Не возьму я сикль. Ни при вот этом гибдэдэ, ни при ином; возможно, ни при ком вообще (включая Бога и святых). Да, мы такие: род мой, дед и прадеды. В нас бзик слыть честными, духовными, моральными, прямыми, благородными, пусть нам и нужно долларов, и не один, не сто, а сонмы их, чтоб статус соответствовал фамильному достоинству. Но мы чудовищно больны, рабы идей о «злом» и «добром», так сказать: о «нравственном», подаренном примарным крахом – vitium, что originis… «Нравственность» – плод первородного греха. Именно! Мораль – плод первородного греха Не знали?
Сев за руль, я слышал: гибдэдэ бормочет:
– Скот!!.. Урою, мразь…
Он хочет денег, что ему швырнули, точно псу, – но я свидетель случая, и оскорблён он больше, чем корыстен. Перехват? Возможно, перехват… Но ведь свяжись с тем джипом, – чёрной масти и с тремя шестёрками, с глухими отражательными стёклами, с «мигалками», – схлопочешь бед. «Замочат». Вдруг. На улице, на службе, в сауне… Пот тёк с висков его.
– Вы! Ехайте.
Я тронулся.
Сын спал; глазел, проснувшись, в мир; ел «трюфели», подаренные Маркой, кóмкал фантики; бубнил под нос. А я, руля, мечтал, что снег убавится.
Вот стела жертвам эры Сталина; в кустах тень деда, «контры» и «сатрапа»… Что сказать ему? Живя, где он жил в детстве, я был горд… Но время шло; всё изменилось; стало худо; я добрался до финала и спешу в усадьбу, что оставлю, верно, сыну, «столбовому» Квашнину…
Опять та «с»! Он не КваШнин, мой сын, а он КваСнин, как я.
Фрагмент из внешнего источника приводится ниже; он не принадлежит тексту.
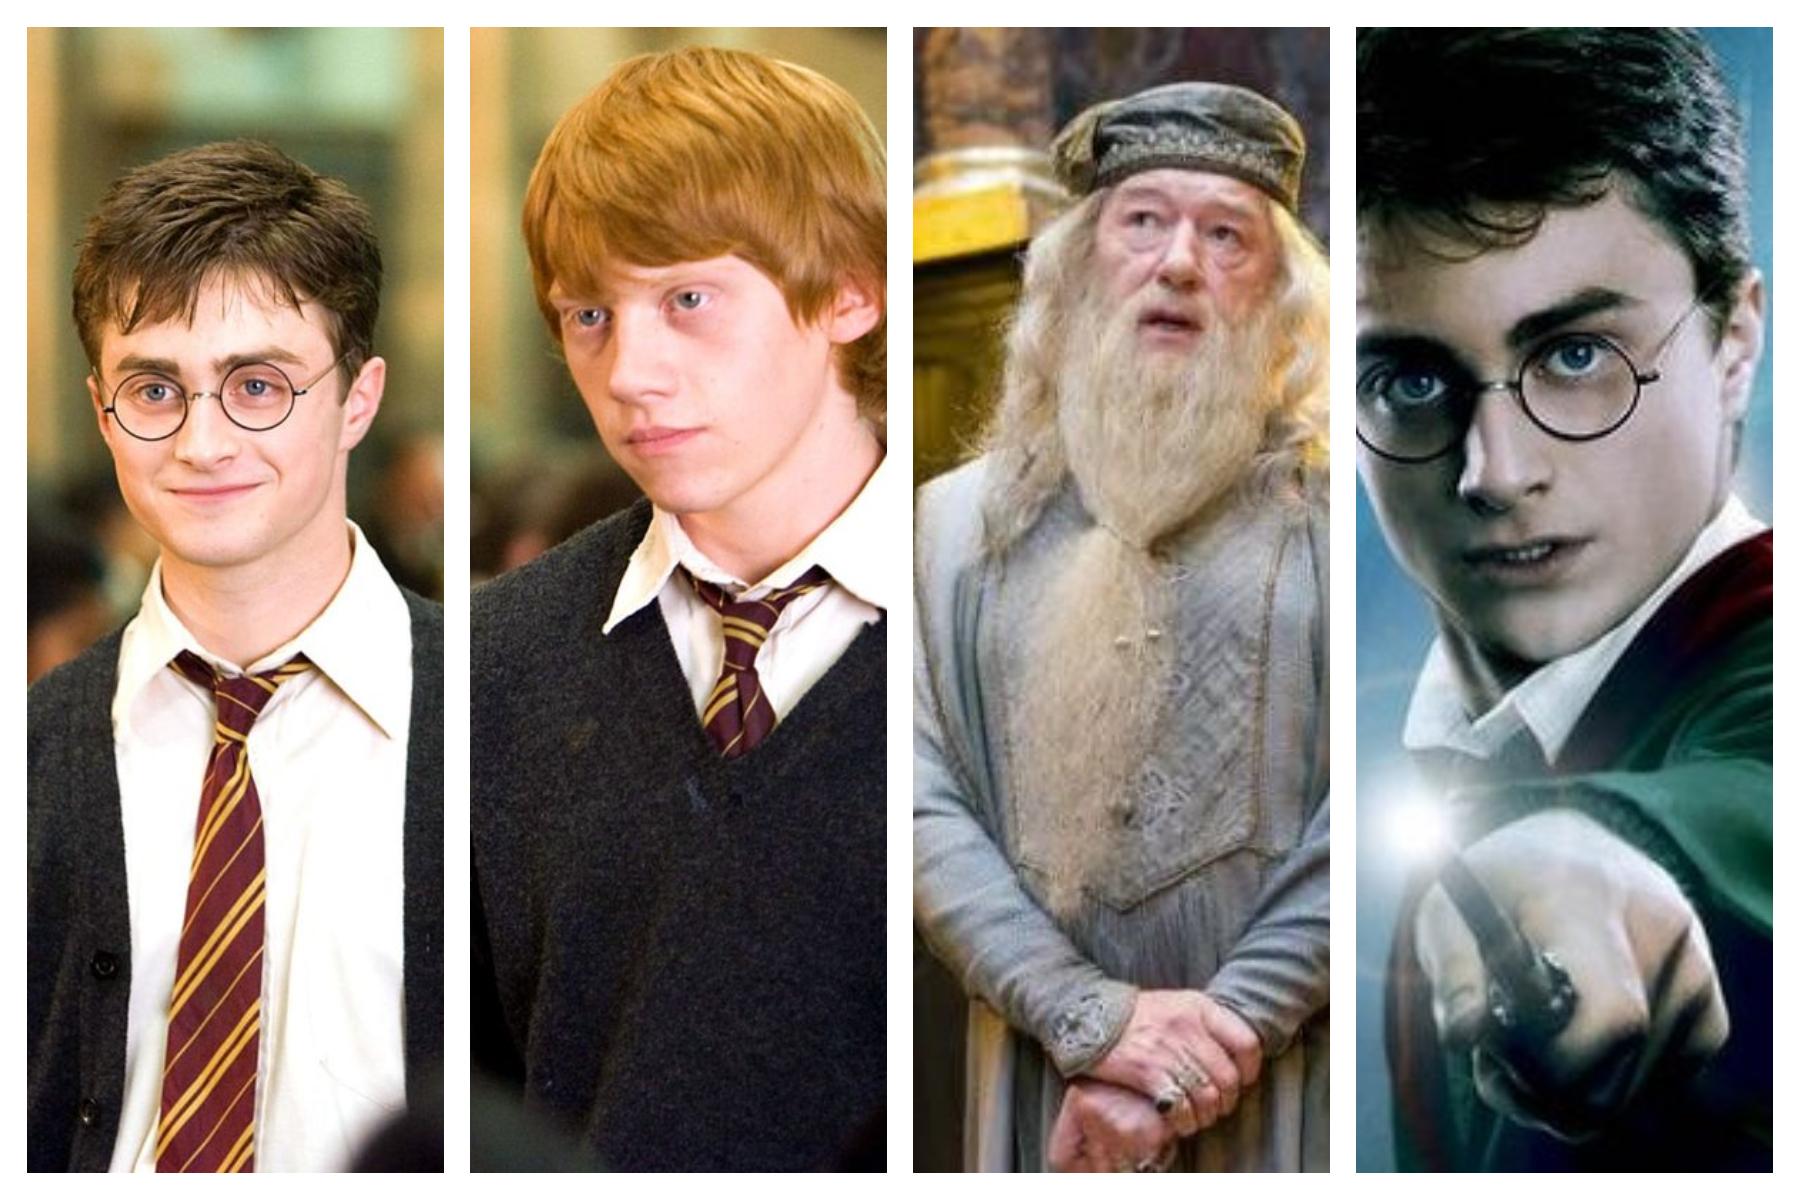 BuzzQuizz: Kuis Harry Potter Terbaik dalam 21 Pertanyaan (Film, Rumah, Karakter)

Спустя км с полста от гибдэдэ, мы с гор слились к Упé, реке малёхонькой, но с поймой шире окской; в ней ― дороги, производства, склáды и продбазы, кладбища и сёла, выпасы скота и фермы, полигоны, станция ж/д с самой ж/д, и даже есть аэродром… А слева Тула, сердце русских градов, старее Москвы! Вблизи – Венёв и Епифань, Алексин, Чернь и Флавск, Белёв и Богородицк, Мценск, Ефремов и Одоев. Движась с юга, с Киевских земель, русь оседала в этих долах, под Московией. Здесь фланг степей с истоком Дона, географическо-психический и климатический рубеж уже (а не межа, не линия, как на Оке под Серпуховом), фронт, конец лесов; тьма их ползла-ползла – и растворилась в рощах, пашнях и лугах. Здесь дышит грудь, взгляд лёгок. Скинув хмарь, здесь солнце манит в рай. Сход из лесных зон в степь мистичен. Степь – не просто даль; секрет её, открыл Степун, в безбрежности. Я рад здесь быть, иным здесь быть – в тоску; есть люд, какому степь чужда.
«Рад» и «мистичен», говорю? Мол, чувства?.. Нет таких. Я, если как бы жив на вид, то потому, что мыслю, мысль творю; а так я мёртв. И не болезнь казнит, – я сам мёртв, сердцем. Устремлений в целом нет. Нет – чувств… Да жил ли я вообще, подвид излишне перетянутой струны, готовой лопнуть? Я, играя в жизнь, актёрил, что ещё живой-де. Ёрничал, кривлялся. Ибо понял, что не жить могу, быть неживым почти – а будто и живым; потребно лишь осознавать. Я вник в конфликтность жизни с разумом. Мёртв в жизни – в мысли я живой. Плюс, мысль мощней в больном (см. Достоевский, Ницше, Мунк). Подумать: а не мысль ли вирус, кой, паразитствуя в живом, жизнь губит? Вспомнится детство в роскоши чувств – и видится, что ты не жив вполне, став взрослым; ты не жив, но только есмь умом. Чужда мысль жизни, даже чужеядна ей, паразитична, и творится, лишь пожрав часть жизни, оскопив жизнь. Мысль – мертвит. «Разумный», значит, выбор – страшен. Сам Господь, клянясь: «Аз Жизнь для вас», – Господь, в Которого приходится лишь верить, ибо Он абсурден, пригнетает разум тем, что Он непостижим, таинствен, недоведом. Вывод: мысль – мертва? и полумертвие как раз и стоит озаглавить «homo sapiens»?!.. Кто же внедрил Мысль в Жизнь, заразу ввёл в неё?